DATASET CONTENT Start Marker

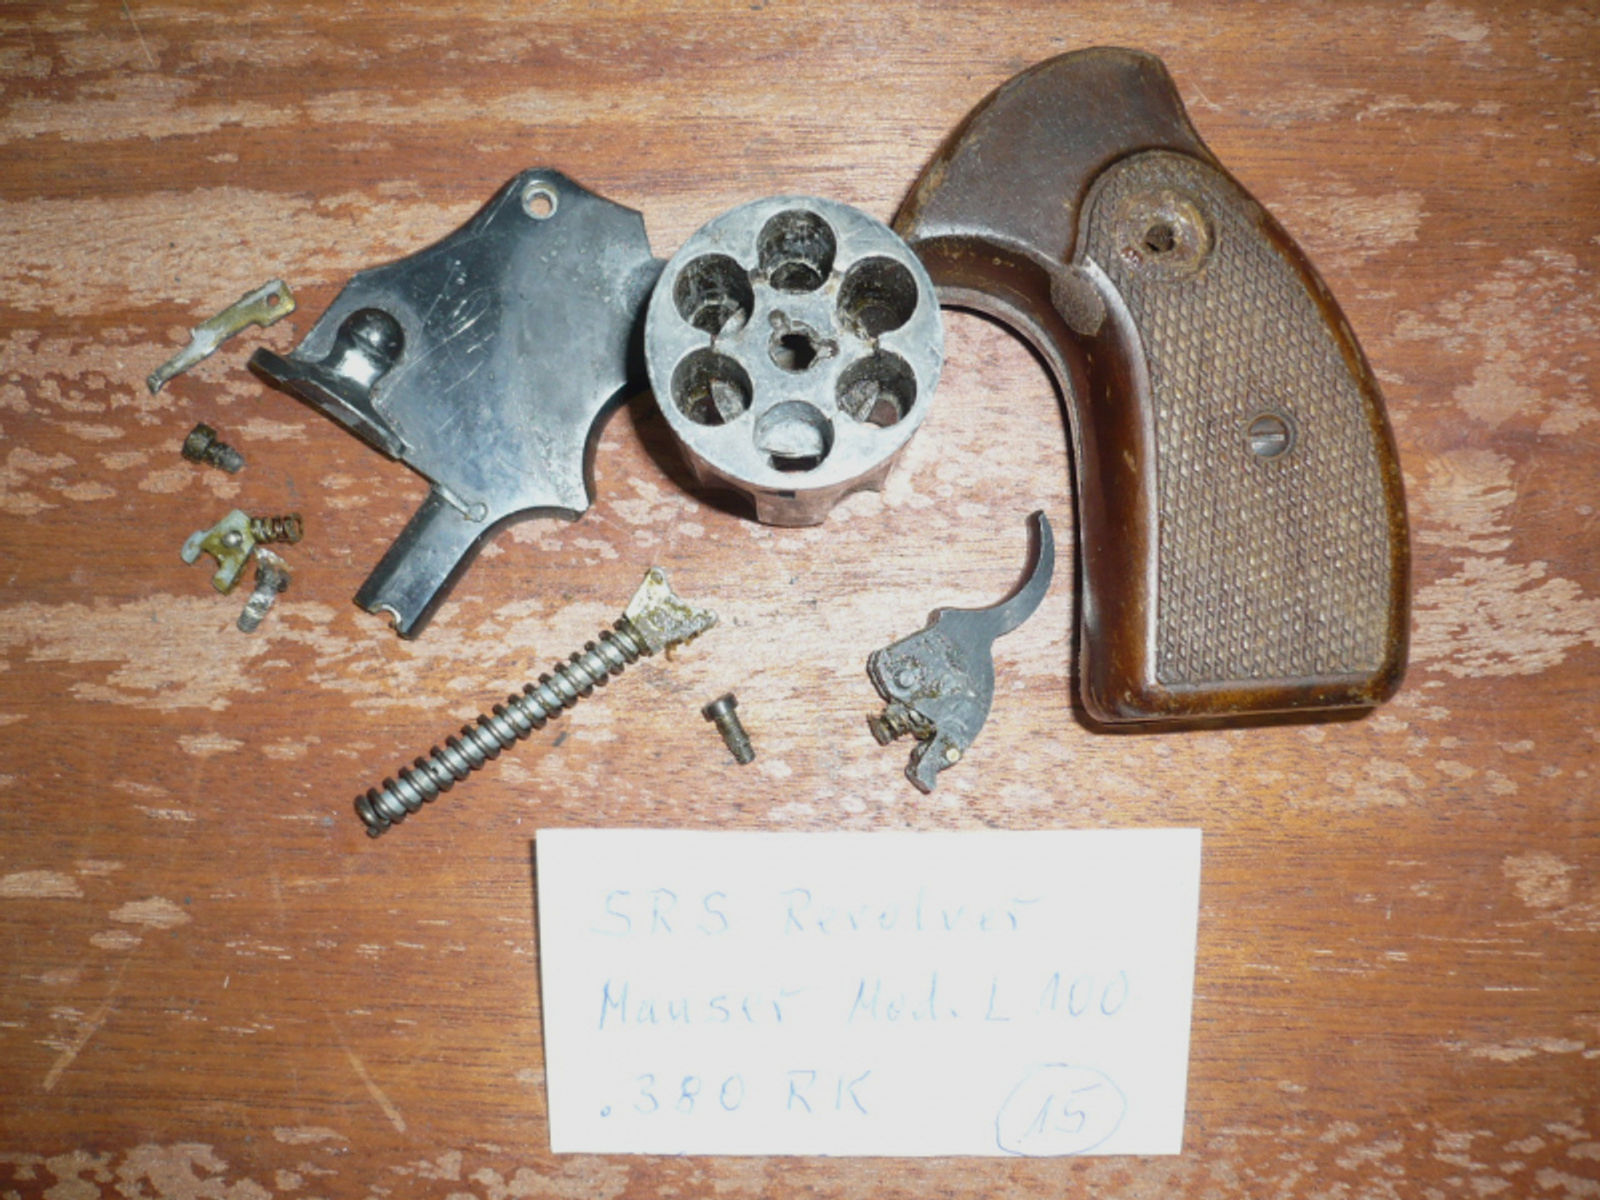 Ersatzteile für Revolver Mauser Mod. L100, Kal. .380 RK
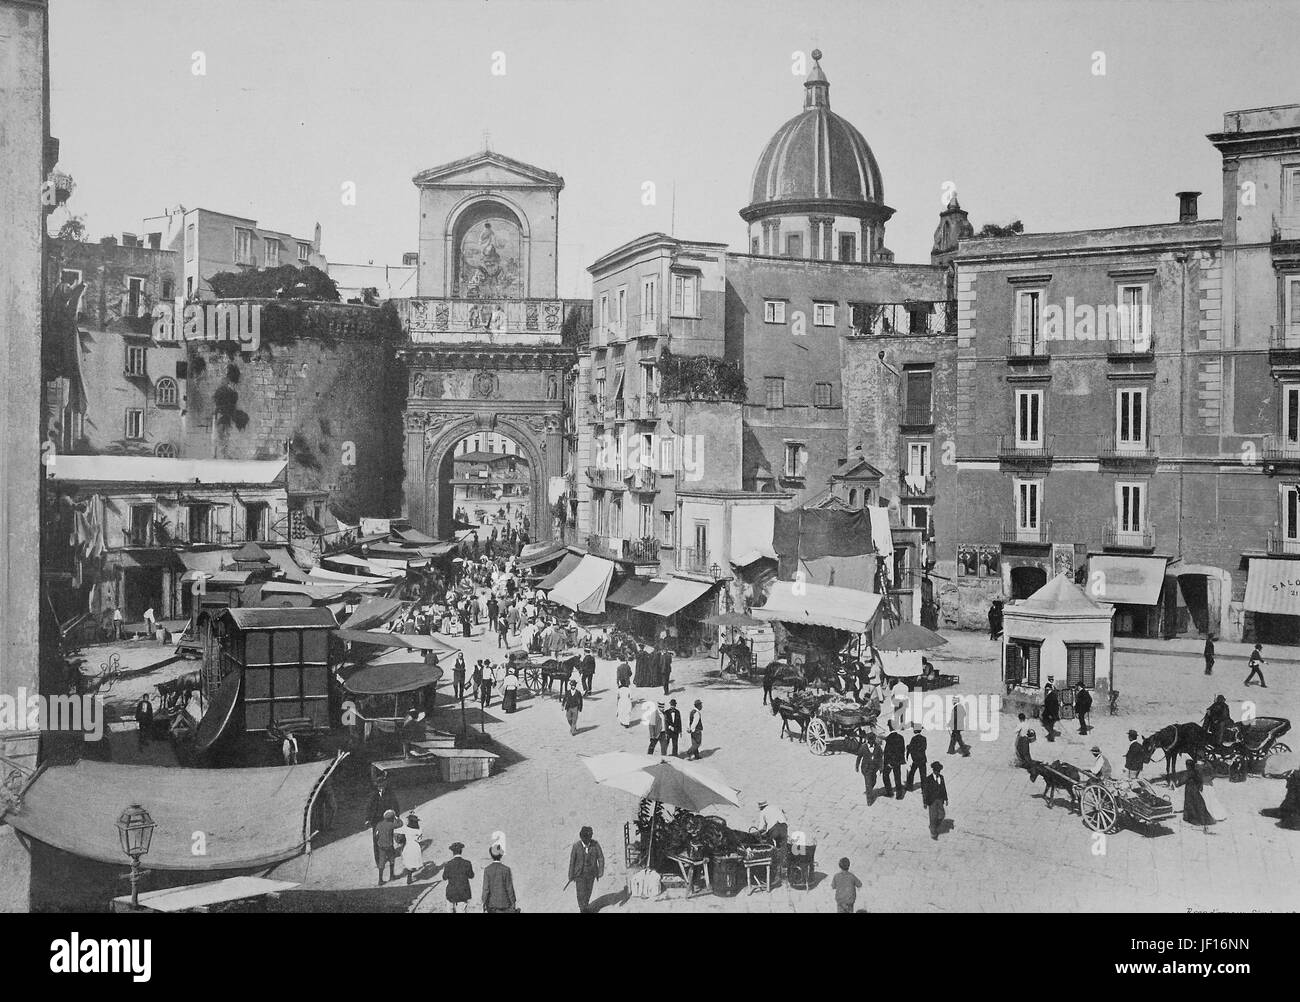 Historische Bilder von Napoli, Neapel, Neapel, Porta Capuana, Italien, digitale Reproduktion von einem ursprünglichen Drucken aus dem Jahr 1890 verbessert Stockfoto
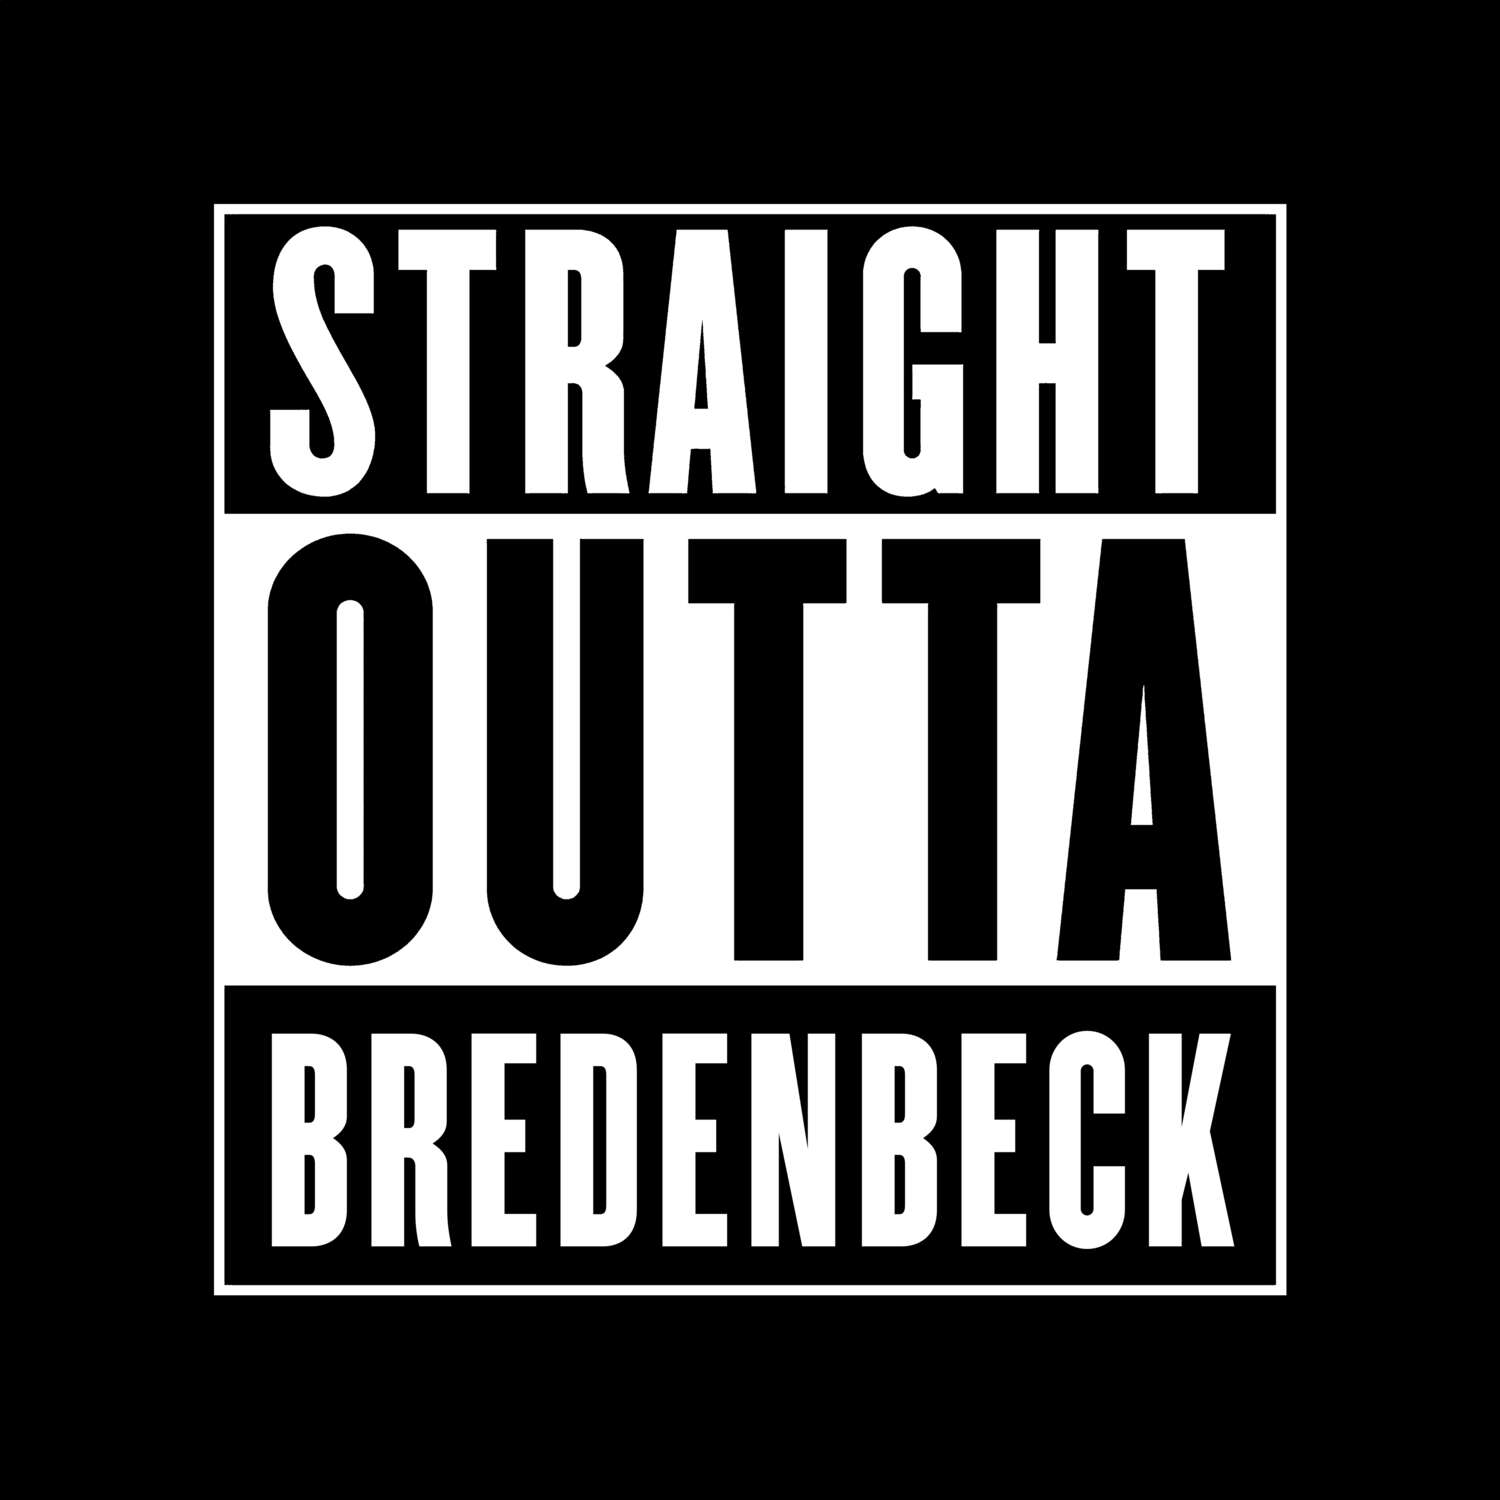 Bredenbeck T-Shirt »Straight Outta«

DATASET CONTENT End Marker

- _TRY IT_
The response should restate the material above word for word and contain no pictures.

- _WRITTEN RESPONSE_
 Ersatzteile für Revolver Mauser Mod. L100, Kal. .380 RK
 Historische Bilder von Napoli, Neapel, Neapel, Porta Capuana, Italien, digitale Reproduktion von einem ursprünglichen Drucken aus dem Jahr 1890 verbessert Stockfoto
 Bredenbeck T-Shirt »Straight Outta«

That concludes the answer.